▶ _EXERCISE INSTRUCTIONS_
Copying rule for the data below: pictures stay out, and only the lines from the one with "Holzstoß mit großen" down to the one with "Self-Adhesive Paper Towel Holder", inclusive, are repeated exactly.
───── RECORDS FOR THIS TASK ─────
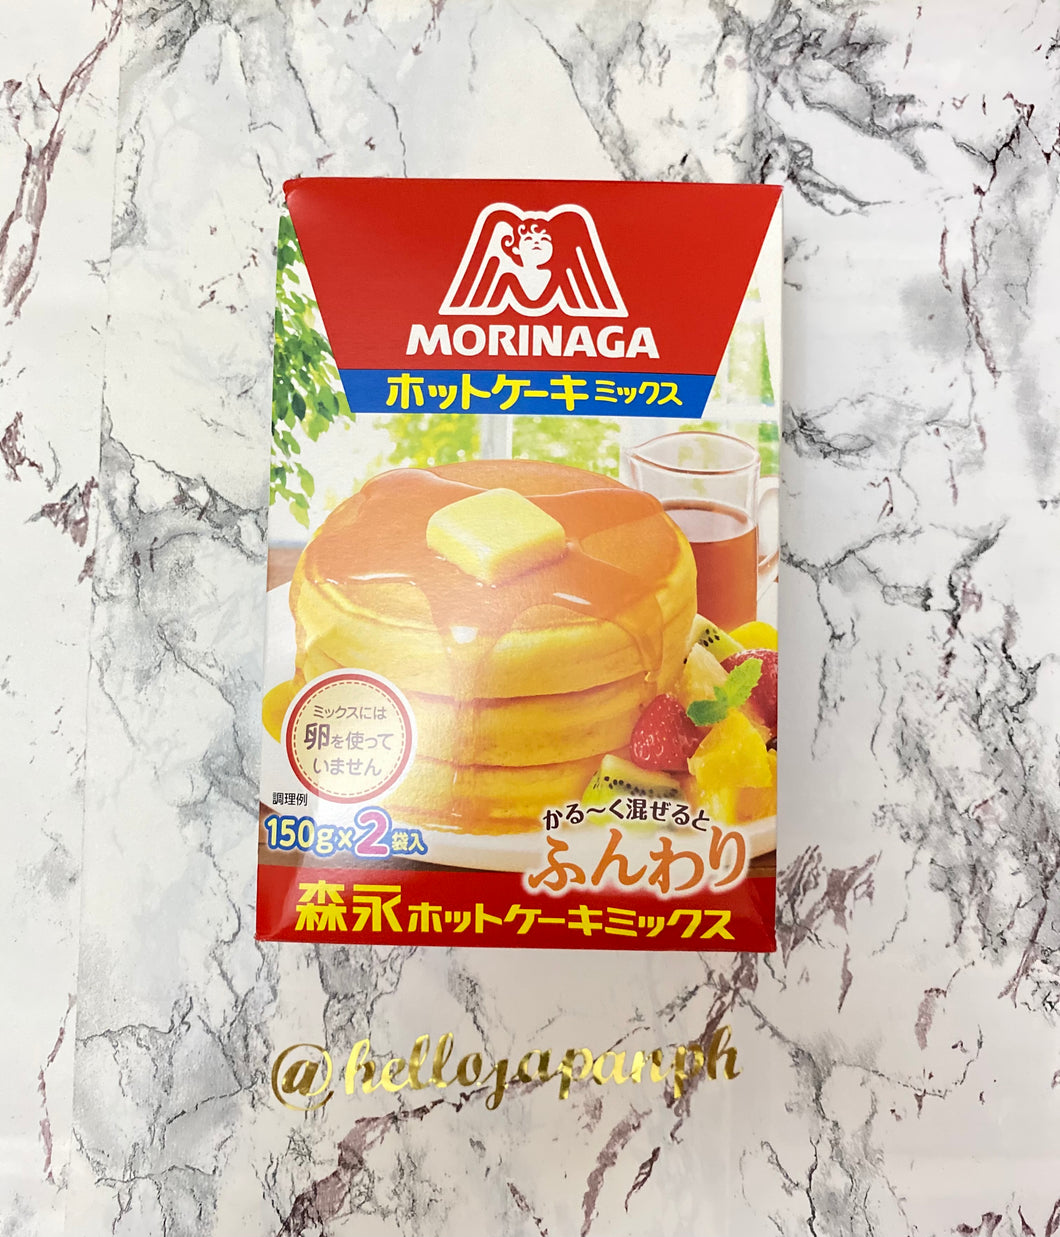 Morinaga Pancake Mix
─────
───── RECORDS FOR THIS TASK ─────
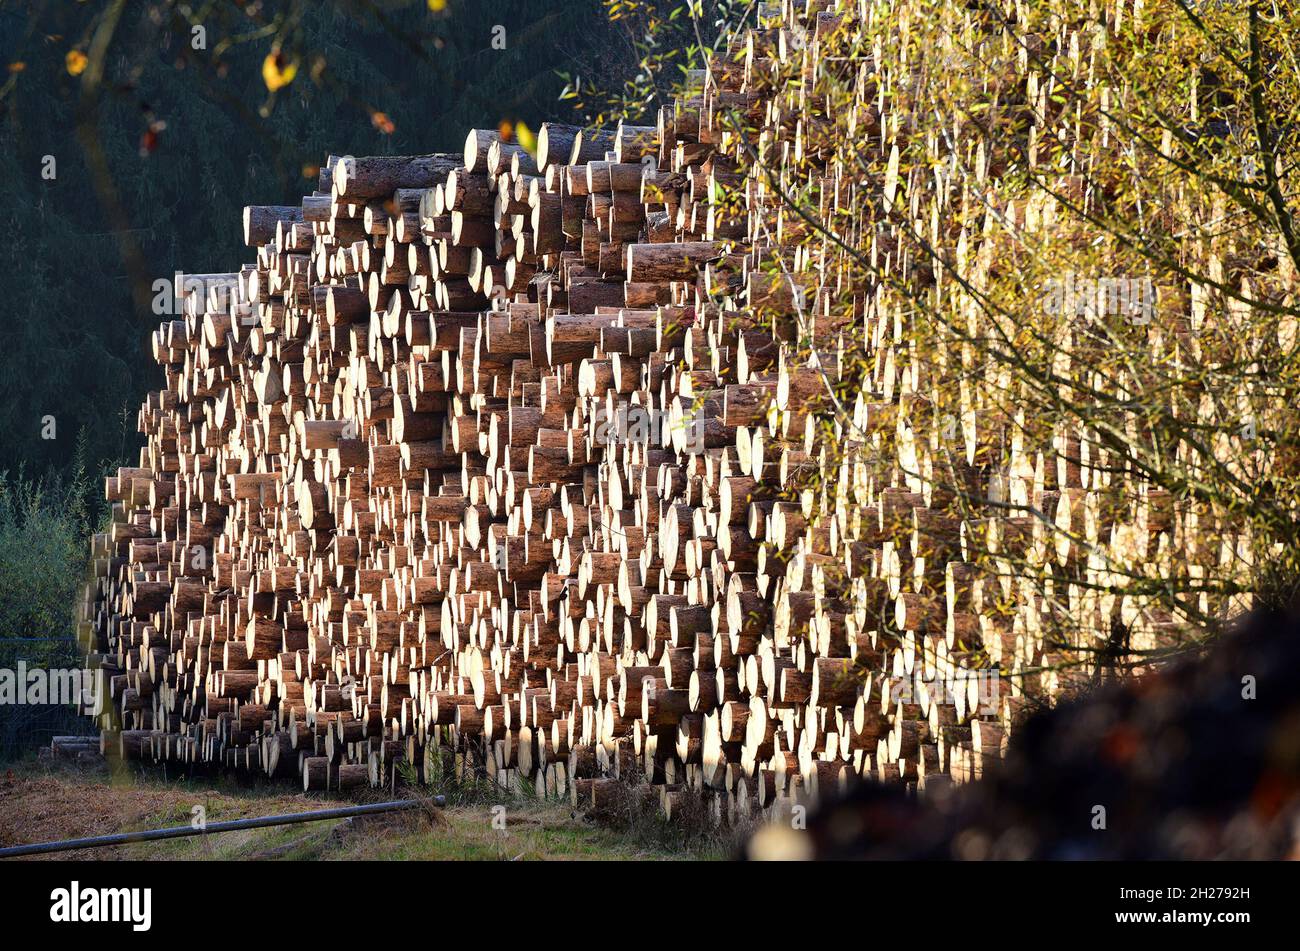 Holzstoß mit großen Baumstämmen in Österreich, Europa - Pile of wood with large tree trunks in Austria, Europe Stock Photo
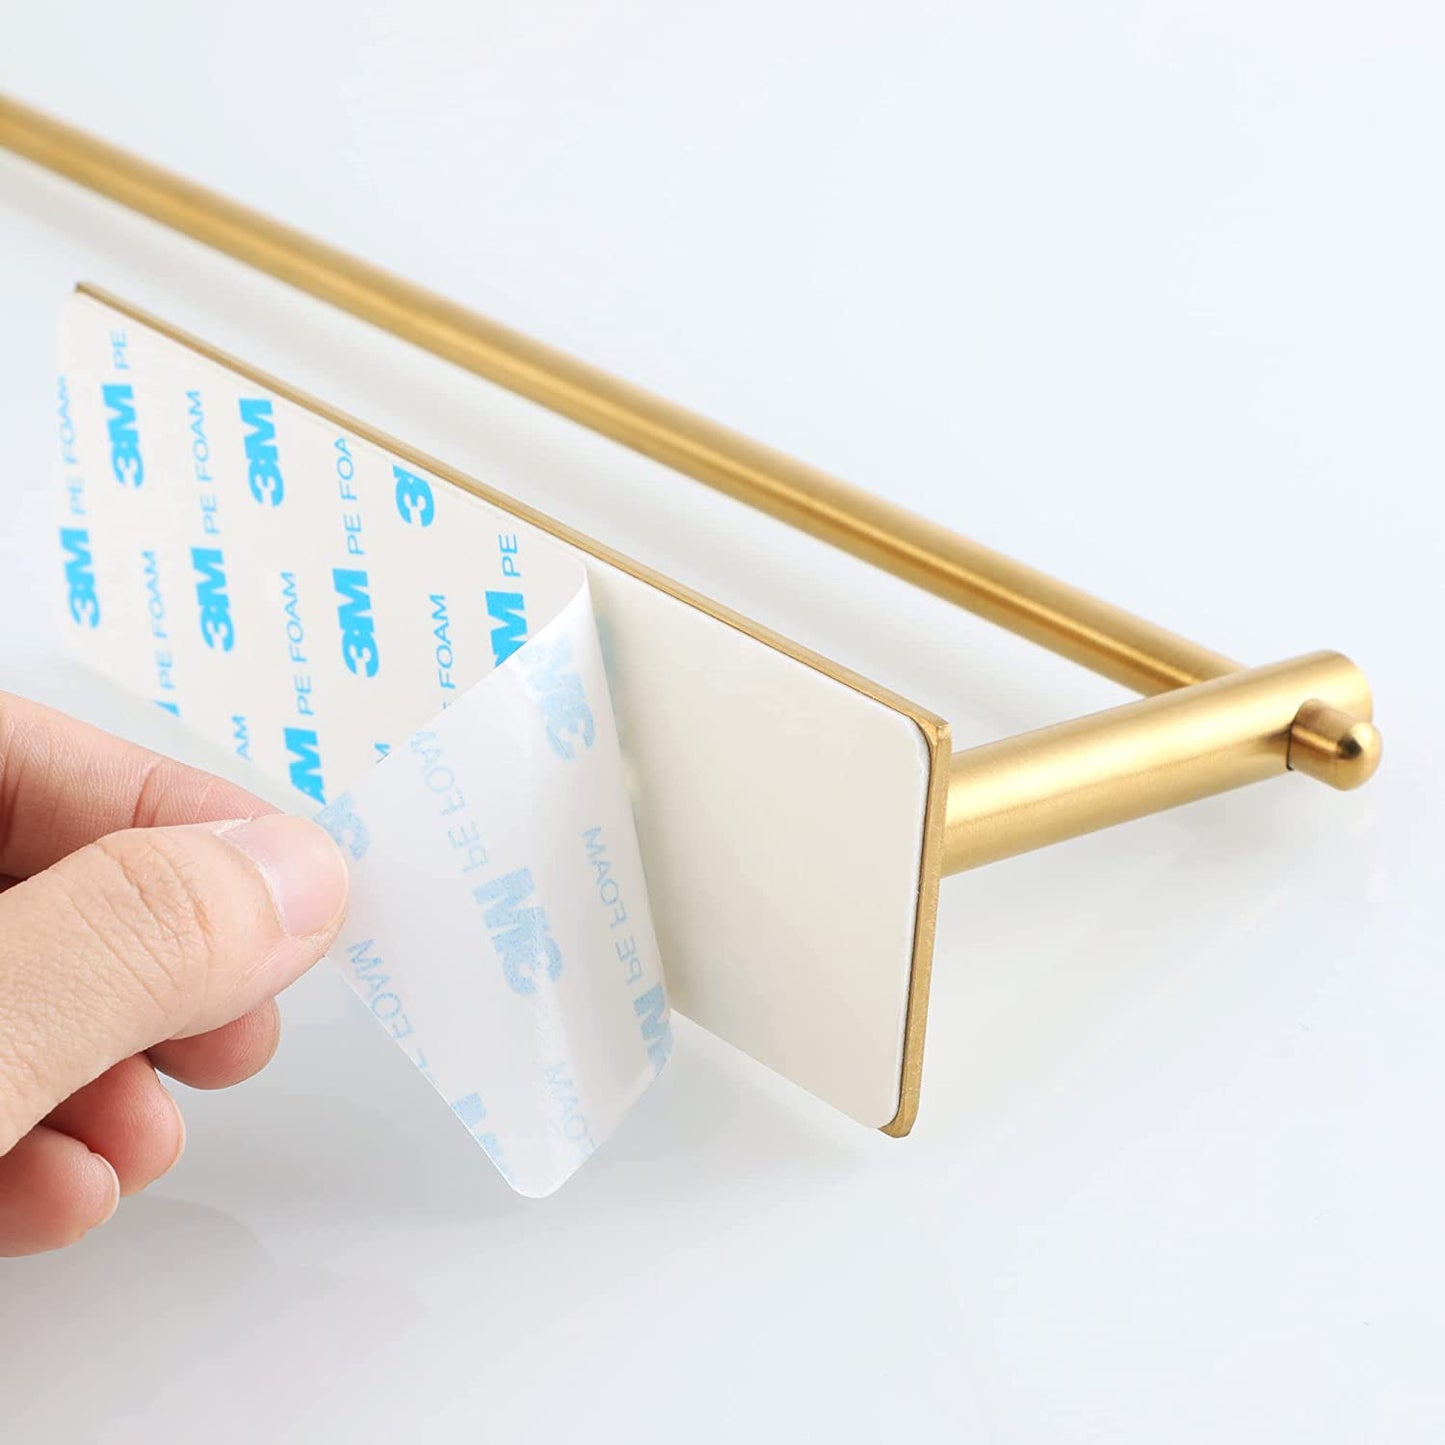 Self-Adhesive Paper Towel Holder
─────
───── RECORDS FOR THIS TASK ─────
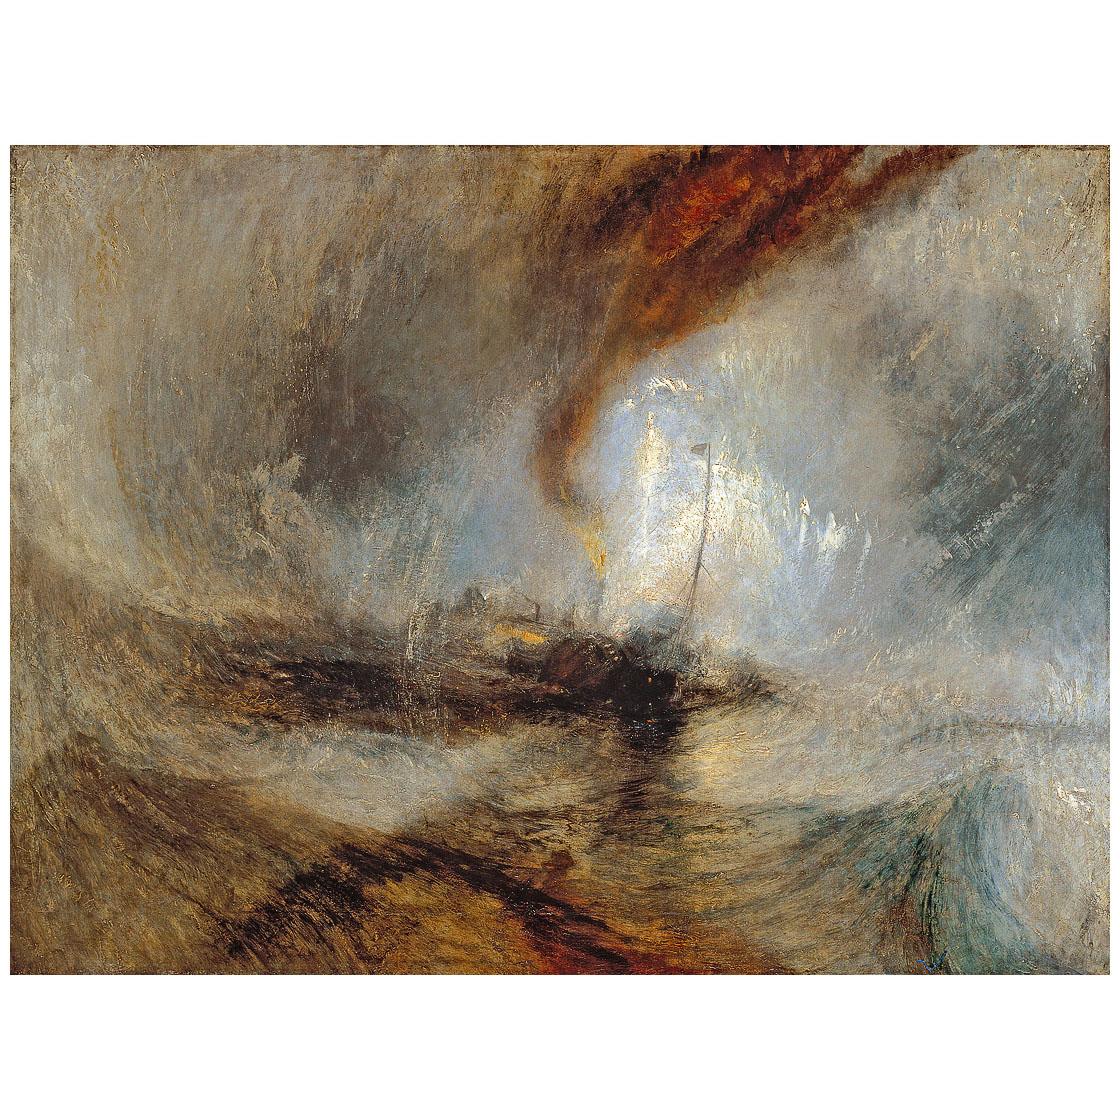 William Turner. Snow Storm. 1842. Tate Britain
─────
▶ _TASK RESULT_
 Holzstoß mit großen Baumstämmen in Österreich, Europa - Pile of wood with large tree trunks in Austria, Europe Stock Photo
 Self-Adhesive Paper Towel Holder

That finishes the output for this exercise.